As for estimating their power usage, an inductor doesn't magically overcome ohm's law. If the coil is 30Ω, then it will obey ohms law. It will draw, at most, 400mA at 12V. So that is your power usage. The inductance can only serve to further limit (reduce) the current, but only when the current is changing. Inductors 'resist' change in current because some of the energy is being stored in their magnetic field. Try to increase current, and the inductor slows the change down, storing some of that energy magnetically. Lower the current, and some of that energy is dumped back into the wire (as EMF/Voltage - this is just magnetic induction. Magnet moving through a coil of wire, only it is the inductor's collapsing magnetic field instead of a magnet), resisting the rate the current decreases. A henry is a Volt-second per amp. That means a 1H inductor with 1V across it would only permit the current going through it to rise or fall at a rate of 1A per second. It might have 1µΩ of resistance, but even being a essentially a dead short, it will take 10 seconds to reach 10A with 1V across it. 10V gets it down in 1 second. Or, conversely, changing current will cause a voltage to appear across the inductor, determined at the rate the current is changing. 1A per second will give you 1V across the inductor.

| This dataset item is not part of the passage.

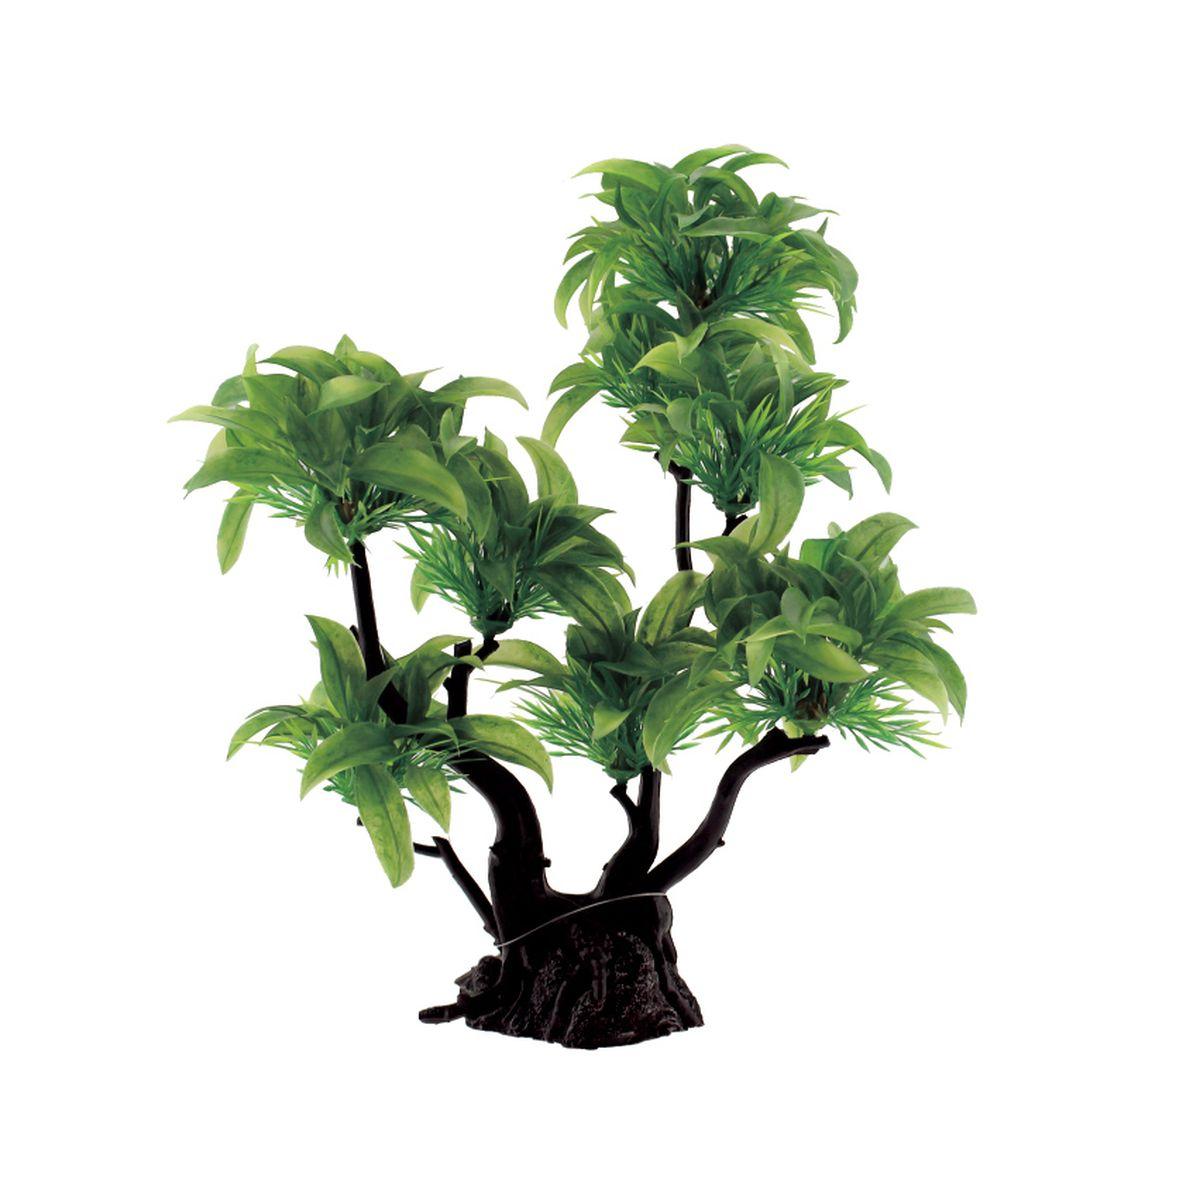 Композиция из растений для аквариума ArtUniq Буцефаландра, 27 x 23 x 32 см0120710Композиция из искусственных растений ArtUniq превосходно украсит и оживит аквариум.Растения - это важная часть любой композиции, они помогут вдохнуть жизнь в ландшафт любого аквариума или террариума. Лучше всего это сделают яркие и сочные цвета искусственных растений серии ArtPlants. Композиция является точной копией природного растения.

But, I digress. That's beyond the scope of this question - just know that it will only slow down how long it takes to reach the maximum current as determined by the coil resistance. It is not really something you need to worry about, especially considering a solenoid's inductance varies with the plunger depth. Just assume ohms law, and remember that there is no way for the coil to draw more than what its regular, DC resistance dictates. Oh, and copper has a positive temperature coefficient, meaning it gets more resistive as it heats up. So no risk of thermal runaway even.
Anyway, you definitely do not need 250W or 150W or anything close to that, it will yield zero benefit for your application and be potentially hazardous for the piano. Just use a $10 12V power brick. You probably already have a suitable power supply laying around somewhere, as long as the brick can sacrificed/repurposed for this.